SPEED IS CRITICAL WHEN DEFENDING AGAINST AN ACTIVE ATTACK, AND DNS WILL SEE THE ATTACK FIRST.
A fact of modern-day cybersecurity is that when an enterprise is under an active attack, speed is essential. You only have X minutes to learn everything you can about the attack, decide what to do and try and do it before the attackers can complete their evil plan.
The beauty of a DNS defense is that, due to the very nature of DNS, it is the earliest point where an attack can be detected and blocked.
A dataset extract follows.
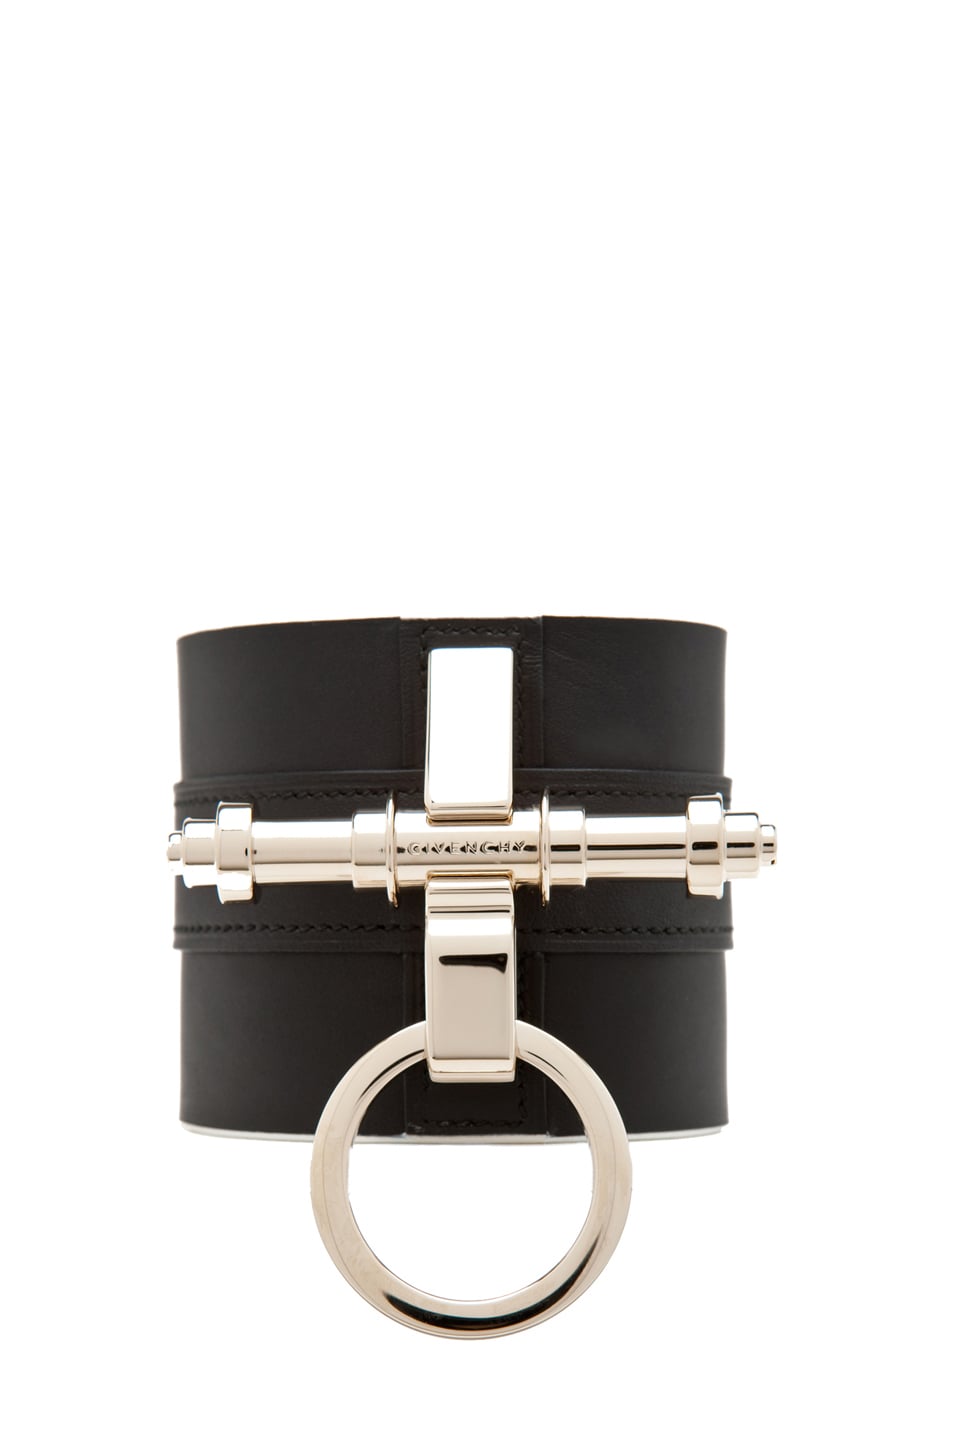 Givenchy Obsedia Large Cuff in Black & White | FWRD

That buys the SOC valuable minutes to do what they have to do.
“Every device on the network, if it has to communicate to an outside entity, requires DNS, and this is the absolute pure value of DNS as a security control because it’s a giant blanket over everything. We always talk about computers, servers, laptops, smart devices, phones and iPads, and so forth. They all use DNS as they browse different types of outside locations.” “Think about an IoT device: a thermostat, an ATM going to a management platform uses IP communications and DNS, OT technology even though the OT might be a particular protocol like SCADA, the management platform is probably IP and is going to [use] DNS. What do you do for this particular type of unique infrastructure?” James said. “They’re all going to use a centralized DNS infrastructure.” “It’s such an easy process where you can say ‘Well, I already have DNS configured.’” “You just add some additional intelligence on that, or you have that redirect to another DNS server that has the intelligence, you’re done for everything on your network.”